Using the material below, repeat exactly the lines from the one with "sprzedaż mieszkań rzeszów - S-16" through the one with "モーション第二にナースライオン DENT.EX システマ", ends included, without any images.

*** Opening RECORDS ***

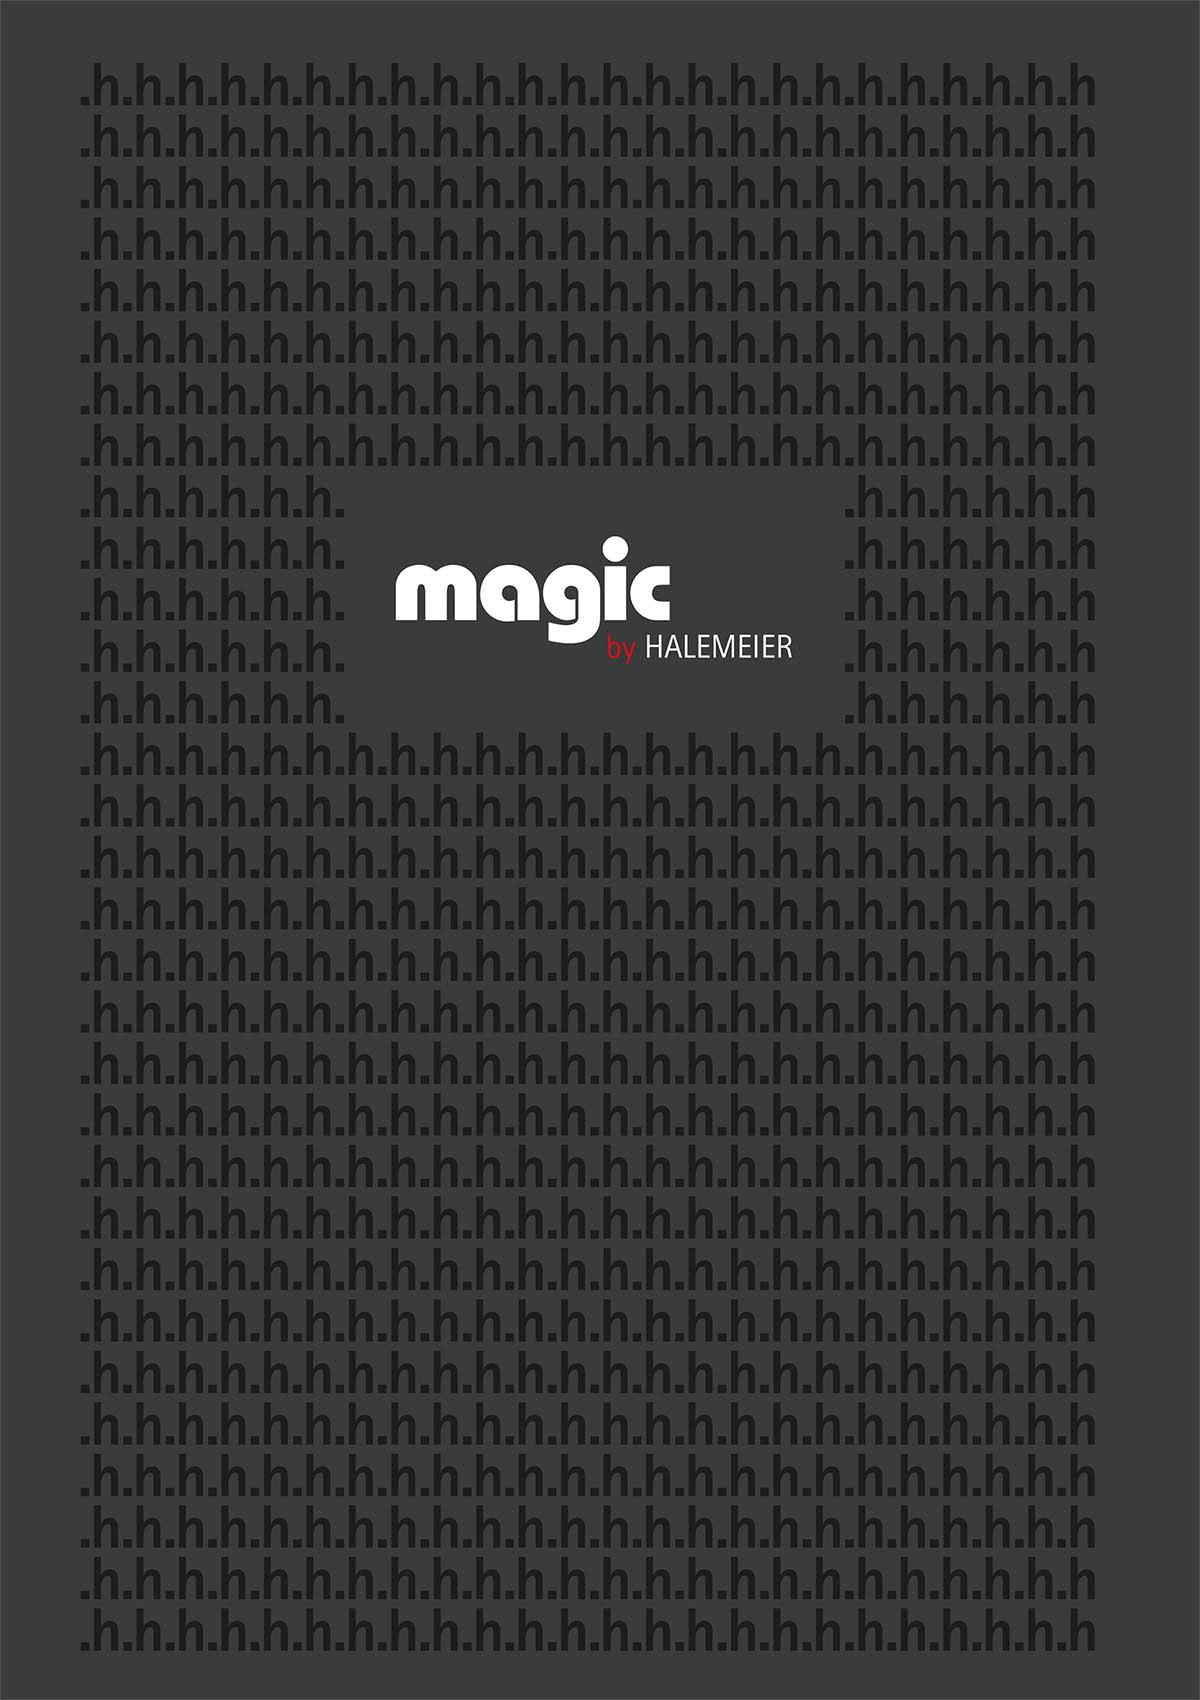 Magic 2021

*** Closing RECORDS ***
*** Opening RECORDS ***

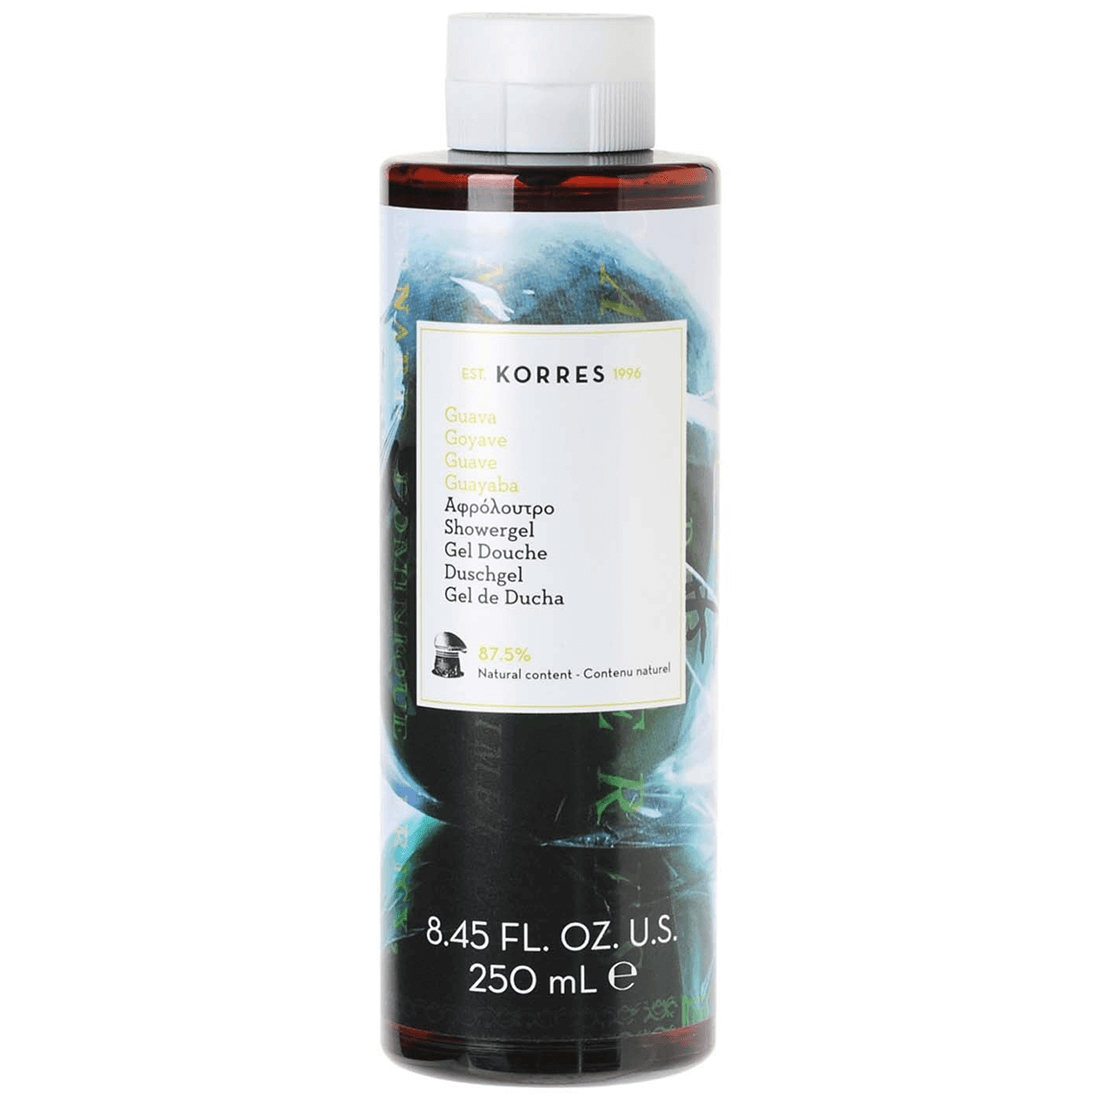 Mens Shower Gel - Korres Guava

*** Closing RECORDS ***
*** Opening RECORDS ***

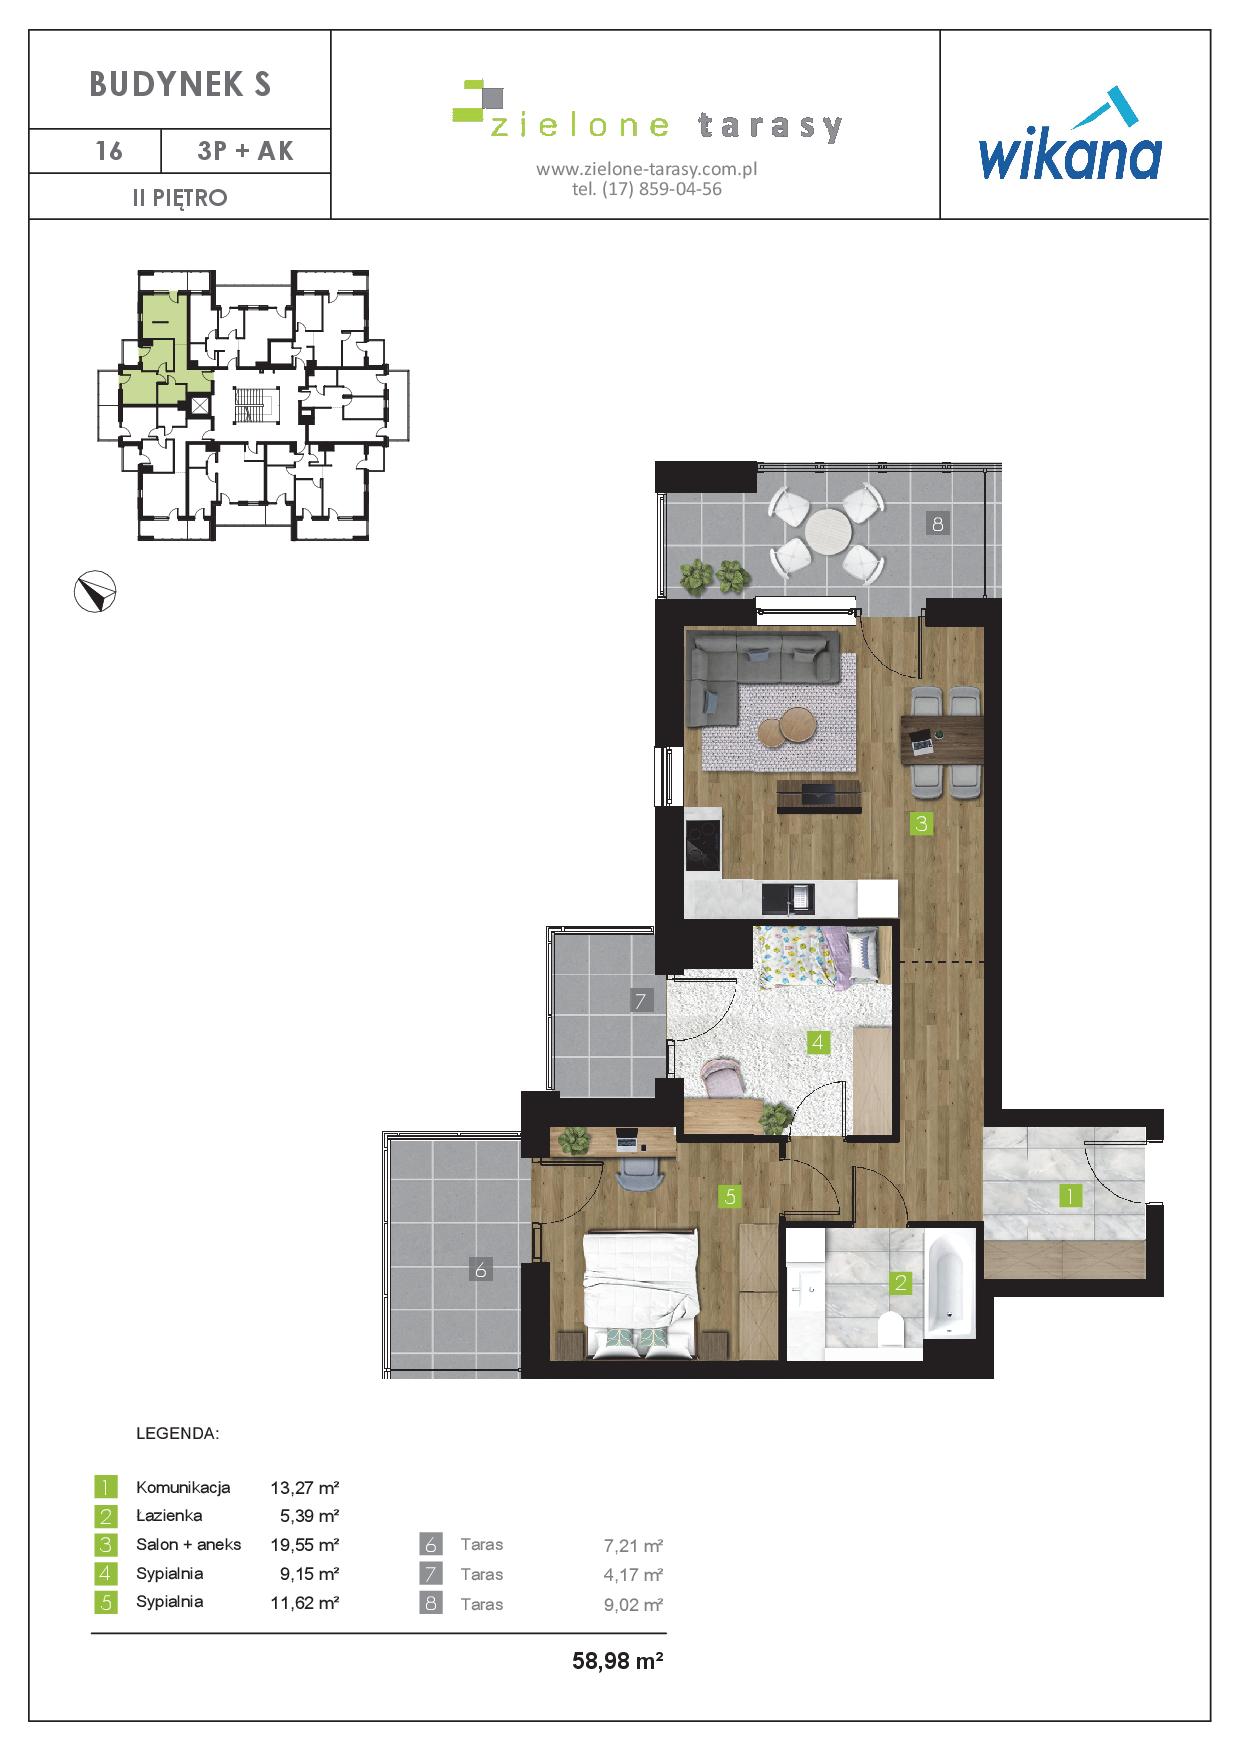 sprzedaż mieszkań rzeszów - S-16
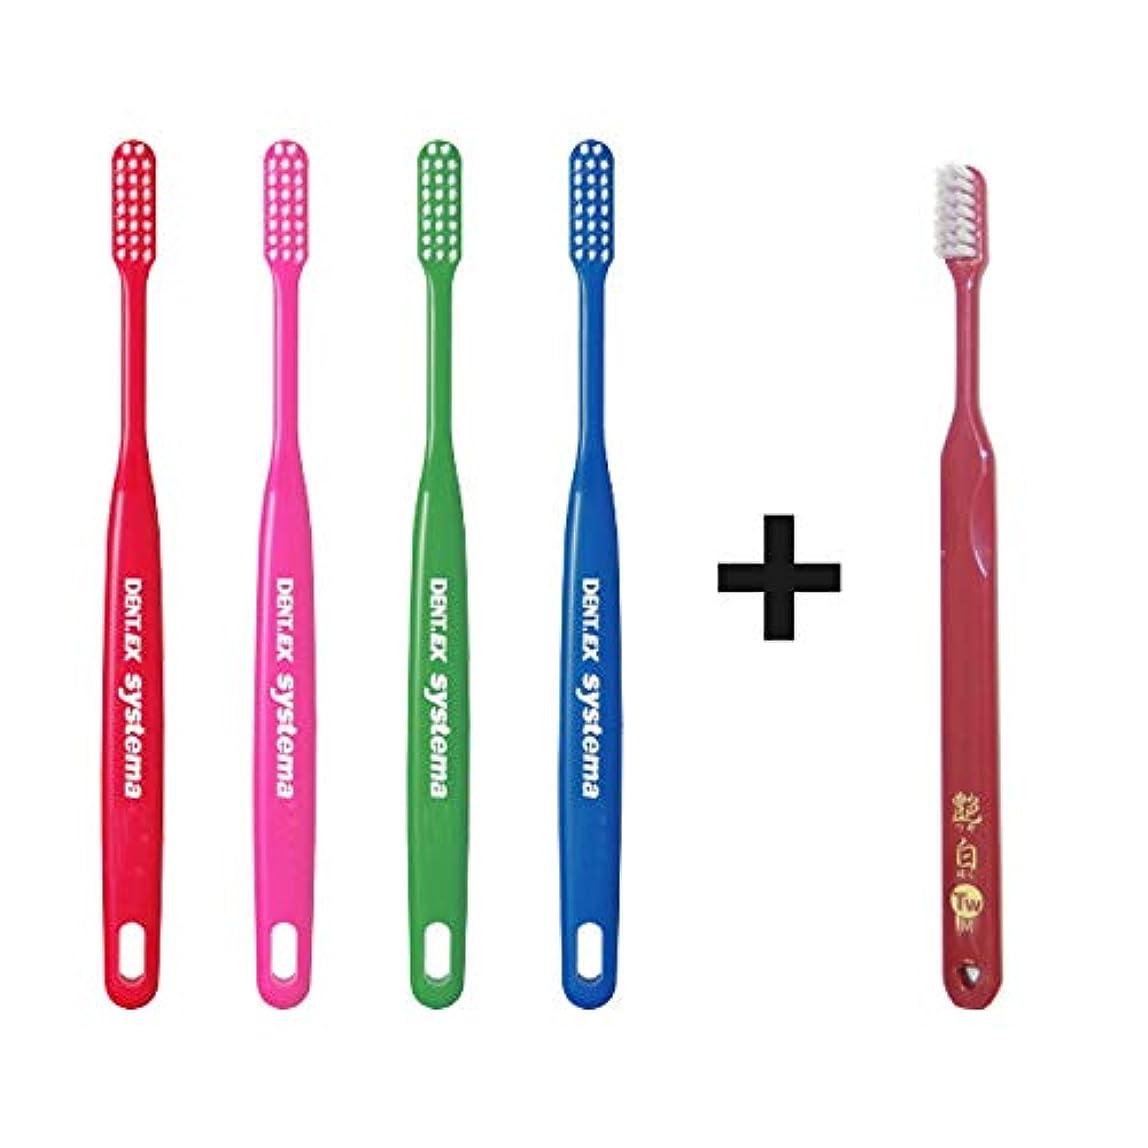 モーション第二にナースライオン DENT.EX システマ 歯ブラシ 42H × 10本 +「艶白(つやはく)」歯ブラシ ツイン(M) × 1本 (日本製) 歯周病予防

*** Closing RECORDS ***

- [SOLUTION FOR THIS TASK]
 sprzedaż mieszkań rzeszów - S-16
 モーション第二にナースライオン DENT.EX システマ 歯ブラシ 42H × 10本 +「艶白(つやはく)」歯ブラシ ツイン(M) × 1本 (日本製) 歯周病予防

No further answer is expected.